Первые на Луне или Правила кройки и шитья симулякра

Mixtura verborum`2006: топология современности: сб. ст. / под общ.ред. С.А. Лишаева. – Самара : Самар. гуманит. акад., 2007. – 180 с. стр.126-133

Е. А. Иваненко, М. А. Корецкая, Е. В. Савенкова

[1]

 

Все, что было, то снято; все, что снято, то было...
Фраза из фильма «Первые на Луне»[2]

 

В 2005 году такой «монстр» отечественной кинематографии как Свердловская киностудия выпустила в свет странный киноартефакт. Фильм под названием «Первые на Луне» неопределим по жанру, стилистической принадлежности и художественным задачам. На первый взгляд, фильм выглядит то ли как независимое журналистское расследование, то ли как госзаказ. Но в то же время явно имеет место попытка скомпрометировать сам документальный фильм как жанр, поскольку вниманию зрителя представлена откровенная мистификация. Свердловская киностудия бросила вызов современному культурному пространству, предоставив зрителю самостоятельно решать, чем отличается ответственное научное высказывание от симуляционного текста, созданного по поводу события, которого не было.
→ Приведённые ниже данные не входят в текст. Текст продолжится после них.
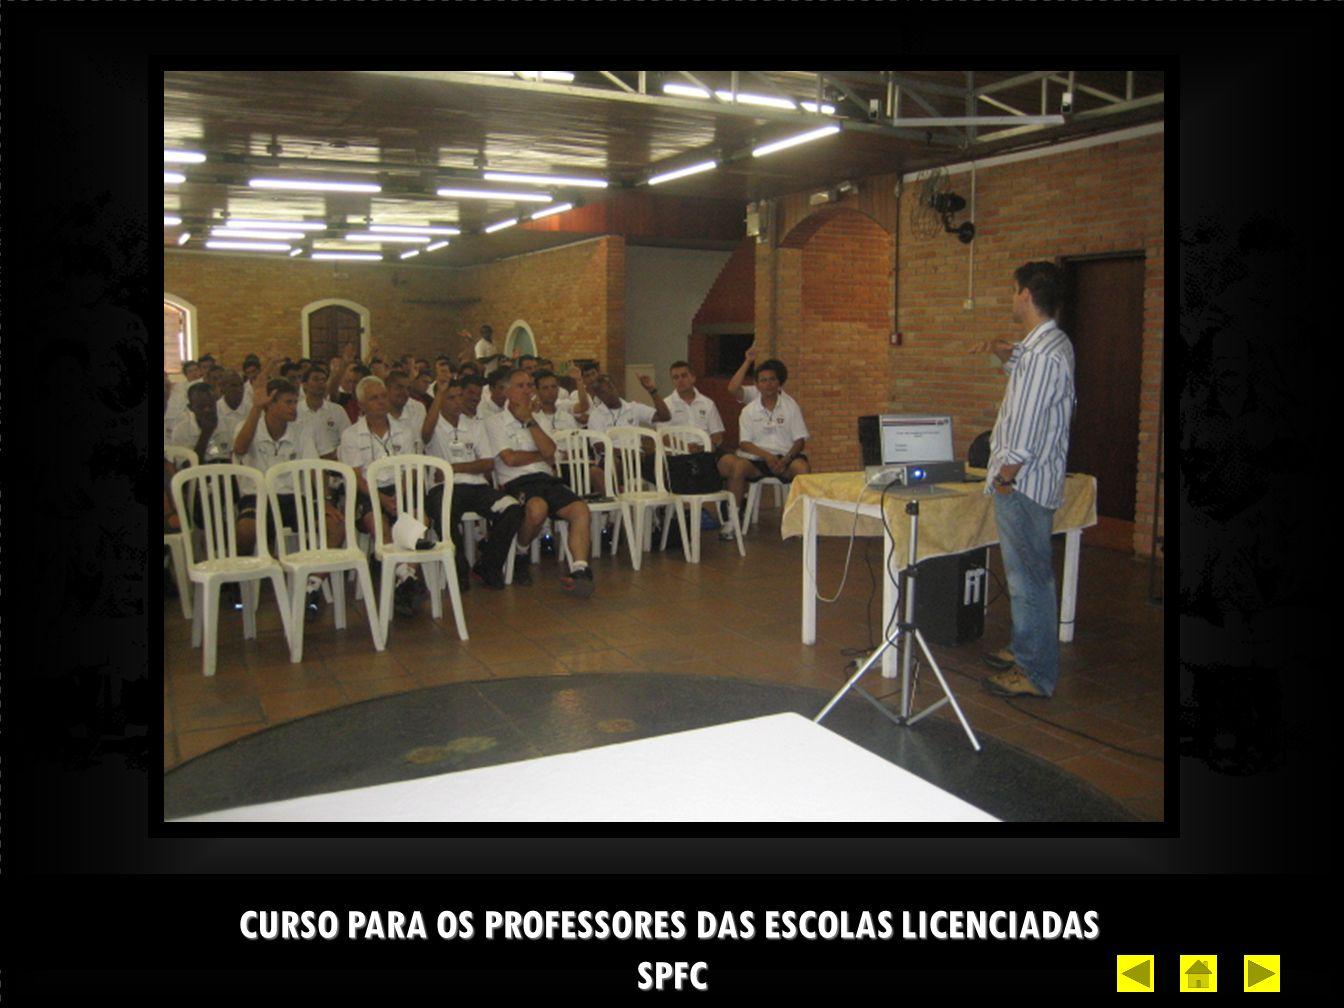 CURSO PARA OS PROFESSORES DAS ESCOLAS LICENCIADAS

Возникают закономерные вопросы: что поддается симуляции, а что нет – или симулировать можно все? Какова техника симуляции? Каковы приемы создания документальной реальности?

Один прием общеизвестен – ложь разбавляется правдой, все перемешивается тщательным образом, отчего получается правдоподобие и в результате зритель проглатывает все целиком. Здесь такая игра производится с перемешиванием подлинных архивных кадров (разнообразной тематики) и документальных стилизаций, причем за самой «нарезкой» с первого раза не уследишь: так, видимо, устроено зрительское восприятие – пока есть интрига, зритель не успевает различать технические детали. Второй прием более тонкий – включить элемент сомнения в правдоподобии в сам текст. Так, например, в фильме женщина-специалист из секции «юный моделист-конструктор» высказывает сомнения по поводу чертежа ракеты – уж не мистификация ли это? И затем соглашается произвести «серьезный» эксперимент. В результате зритель чувствует доверие к персонажу, который озвучивает его собственные сомнения с экрана и в дальнейшем склонен доверять любому его высказыванию. Для зрителя фильм не может быть ложью от начала и до конца уже потому, что в нем есть персона (персонаж), которая высказывает внутри фильма реплику, что это – мистификация. Парадокс «все критяне лжецы» здесь играет по каким-то своим правилам, он не разрушает высказывание и его смысл, а, наоборот, утверждает его. Демистификатор массмедиа сам внутри мистификации. Это и создает эффект реальности – зритель как бы получает возможность силами персонажей проводить различия между правдой и неправдой, значит, у него крепнет уверенность, что в пространстве экрана – не все сказка. И если «правдивый» сомневающийся персонаж говорит, что истина требует тщательного расследования, то и зритель вполне согласен «подождать» и не отметать все сразу как дезинформацию, если он уверен, что сейчас где-то «научные умы» (авторитеты в области истины) бьются над решением этого вопроса. Это значит, что мистификация состоялась: решения «научных умов» никто не будет требовать прямо сейчас – истина отложена в долгий ящик. Наука не любит спешки, так что будет достаточно времени, чтобы о проблеме просто забыли, но сенсационный шум между тем обеспечен – стало быть, событие состоялось.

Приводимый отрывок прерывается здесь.